What you return should be only the lines in the entries below between the one holding "Oral-B Smart 4" and the one holding "Canyon River Blues", ends included, with every picture left out.

____ DATA PROVIDED

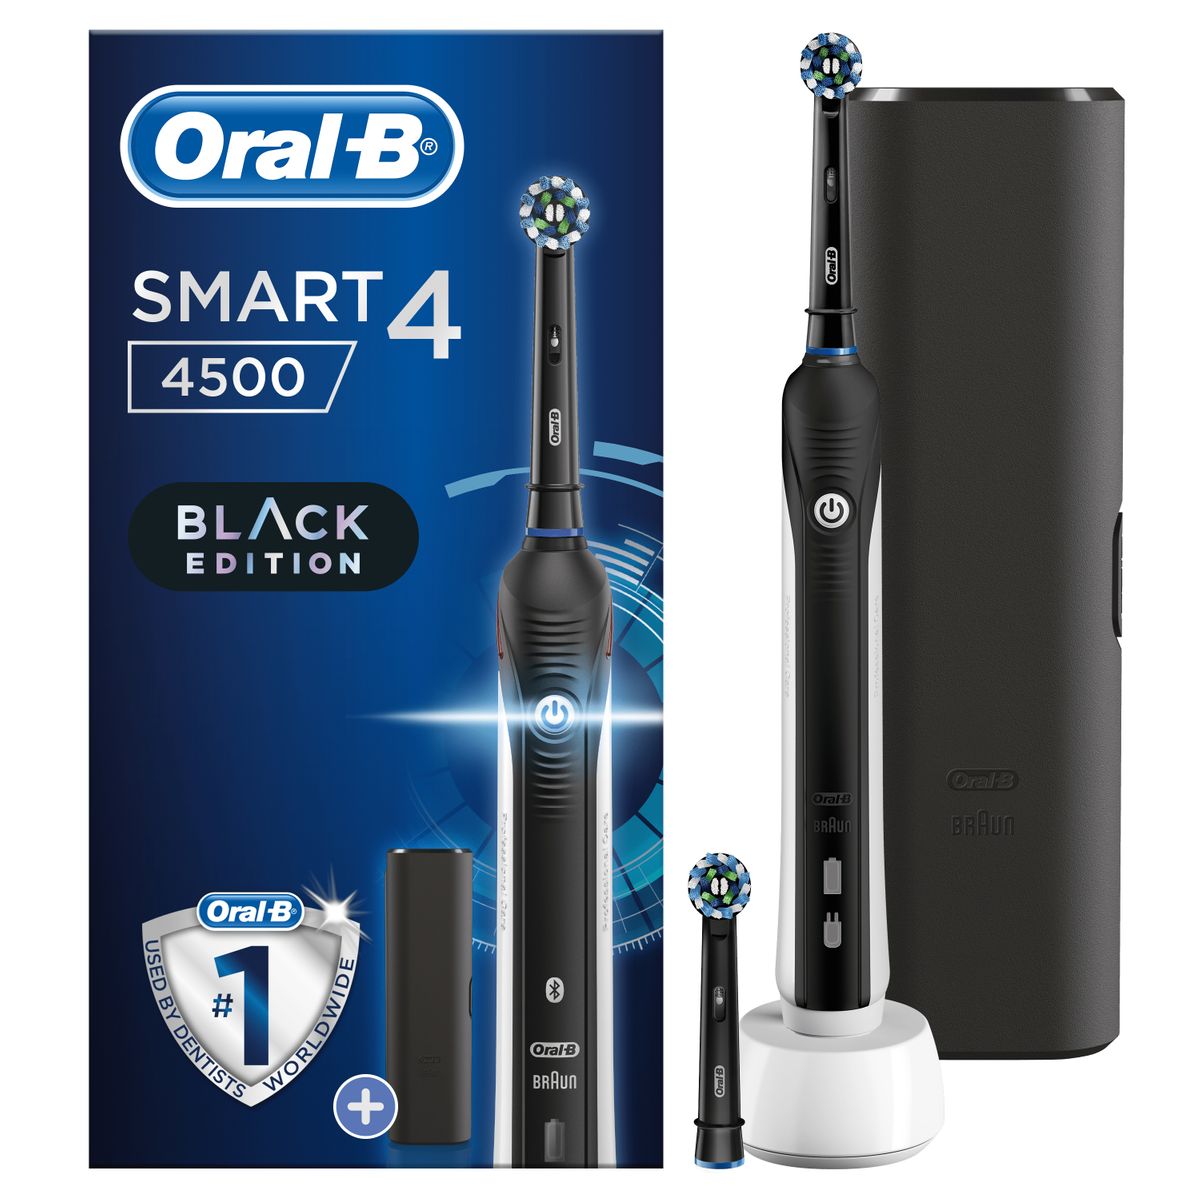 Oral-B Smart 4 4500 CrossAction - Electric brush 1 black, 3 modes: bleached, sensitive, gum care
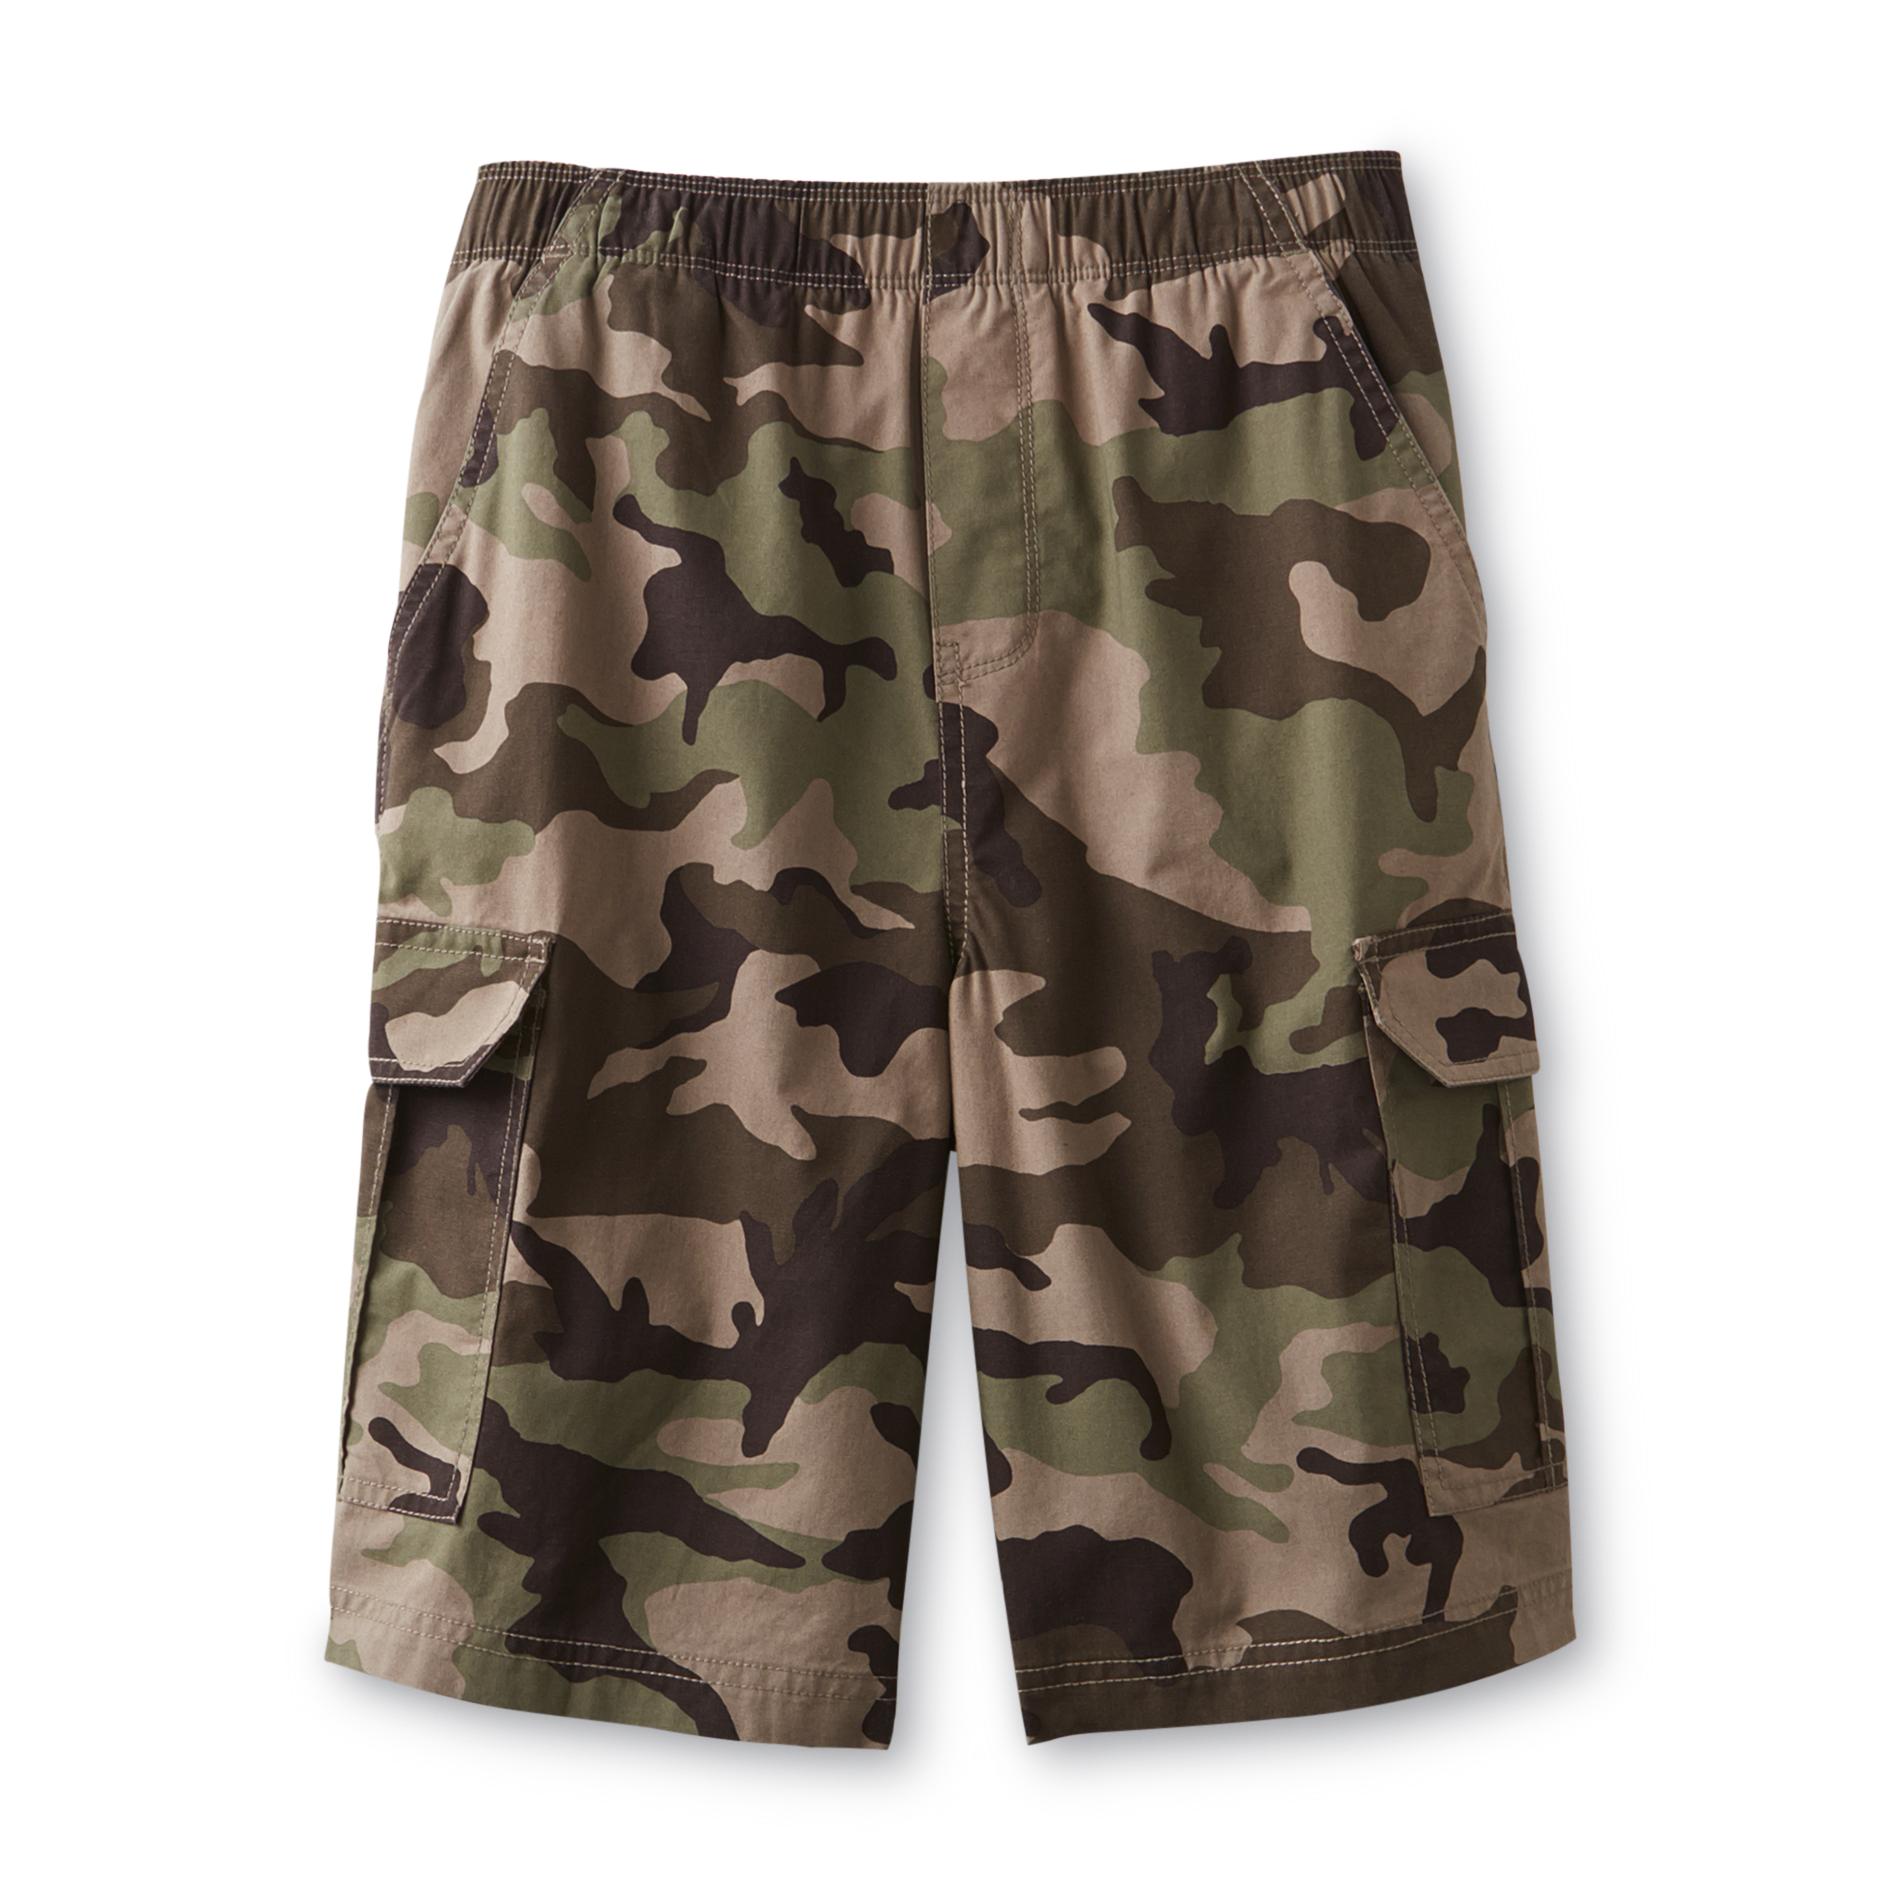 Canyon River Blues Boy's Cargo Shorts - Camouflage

________
____ DATA PROVIDED

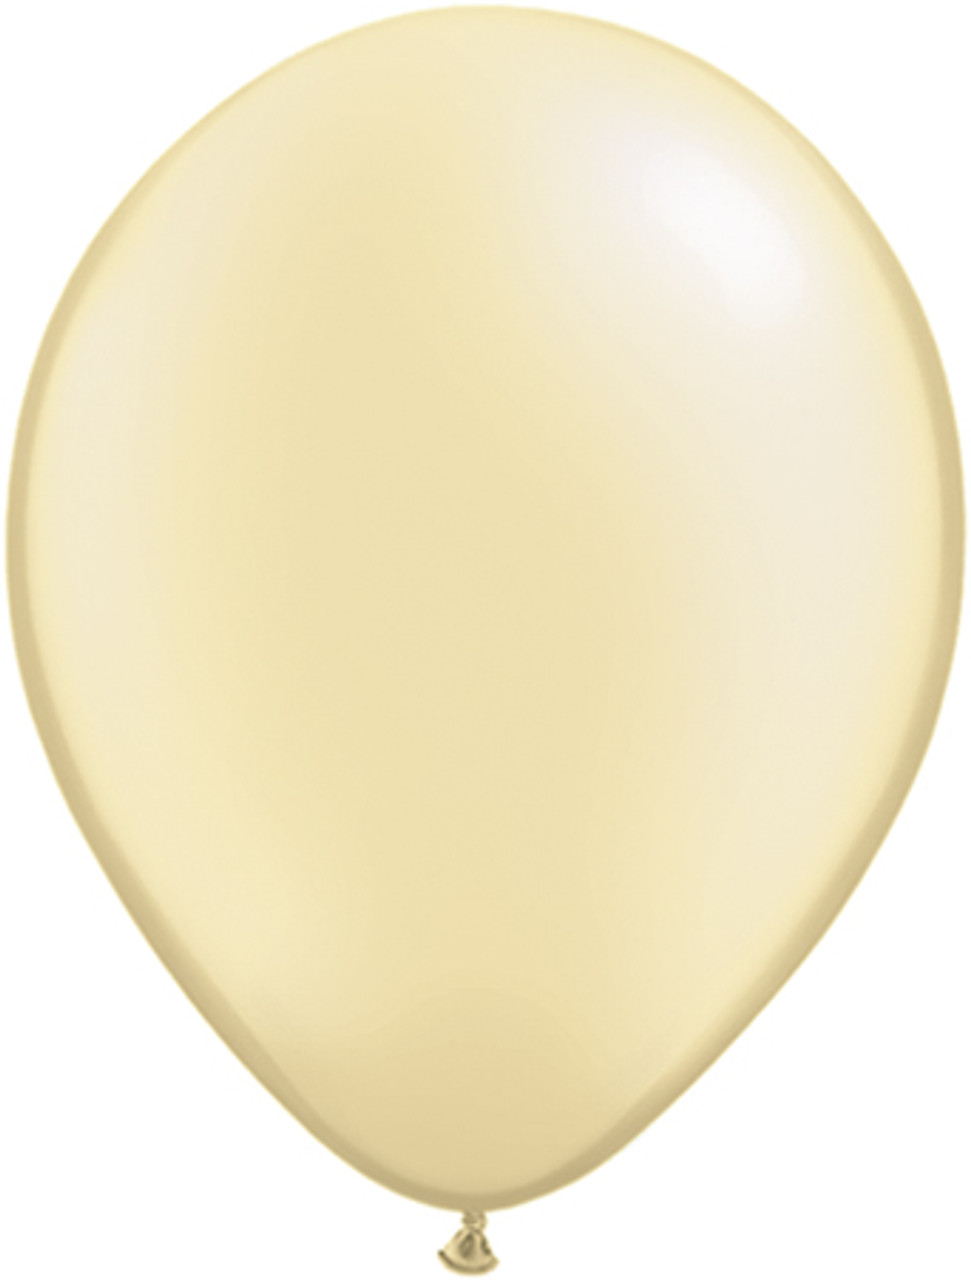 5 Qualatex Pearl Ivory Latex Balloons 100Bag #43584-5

________
____ DATA PROVIDED

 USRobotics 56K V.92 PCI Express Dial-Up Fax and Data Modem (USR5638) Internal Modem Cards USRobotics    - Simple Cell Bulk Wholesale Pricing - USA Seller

________

**SOLUTION FOR THIS EXERCISE**
 Oral-B Smart 4 4500 CrossAction - Electric brush 1 black, 3 modes: bleached, sensitive, gum care
 Canyon River Blues Boy's Cargo Shorts - Camouflage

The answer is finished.